Carvacrol has been shown to be effective on some inflammatory and neurodegenerative diseases of the brain, which makes it a good option for the treatment of MS. The characteristics of the EAE model were confirmed by the observed increase in neurological defects and clinical scoring, the presence of CNS-infiltrated immune cells and axonal degradation, which are consistent with results of previous studies(Mohajeri, Sadeghizadeh et al. 2015; Yang, Zheng et al. 2017).

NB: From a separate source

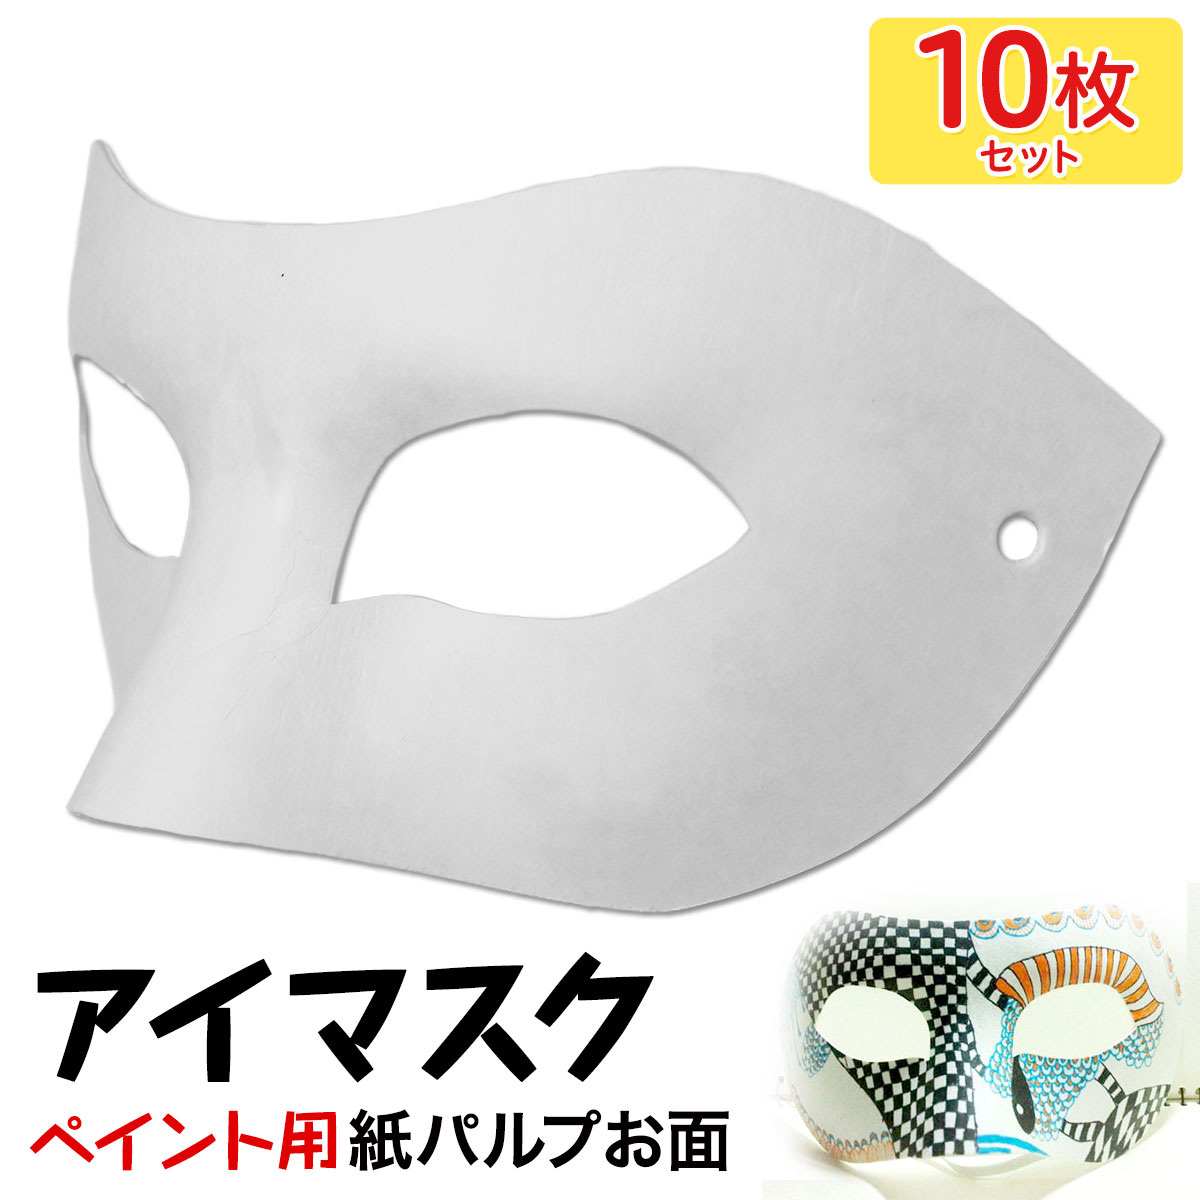 お面 ホワイトマスク アイマスク 仮面 無地 ペイント 飾り パーティー 紙パルプ製 10枚セット

Carvacrol has neuroprotective effects that are demonstrated in neurological models such as ischemia and Parkinson's disease(Baluchnejadmojarad, Hassanshahi et al. 2014; Dati, Ulrich et al. 2017). The carvacrol treatment results in the present study showed a decrease in clinical scores and histological changes. It also resulted in decreased expression of some proinflammatory genes and increased expression of genes involved in myelination.
CNS repair is the goal of treatment for CNS and autoimmune disorders. Different neuroprotective therapeutic strategies have been used in clinical trials but, as yet, no comprehensive and successful examination of remyelination has been proposed. In the case of MS, remyelination not only better protects from axonal damage, but also can halt progression of the disease.
Oligodendrocytes have been a focus of attention for the development of therapeutic approaches and treatments for neurodegenerative disease because of their myelination potential(Kotter, Stadelmann et al. 2011). One of the most important features of MS is demyelination, in which the axon-oligodendrocyte relationship in the CNS is disrupted(Shakhbazau, Schenk et al. 2016). Evaluation of the therapeutic effects of such research methods requires the identification of oligodendrocytes. For this purpose, the present study used MBP, PDGFR and OLIG2 markers.
The results of molecular analysis for the carvacrol treated group showed that the remyelination rate increased and demonstrated that carvacrol increased OLIG2 mRNA expression. It was found that clinical scoring in the carvacrol treated group was lower than in the EAE group, indicating that the clinical damage improved with carvacrol treatment. OLIG2 expression increased in the carvacrol treated group as the clinical scores decreased. OLIG2 encodes the transcription factor that is necessary for remyelination and is obtained through proliferation and differentiation of neuronal progenitors and oligodendrogenesis progenitor cells (OPCs). This factor is necessary for oligodendrogenesis in the spinal cord. OLIG2-expressing progenitor cells differentiate into oligodendrocytes in damaged lesions, leading to premature myelination of the CNS(Wegener, Deboux et al. 2015) .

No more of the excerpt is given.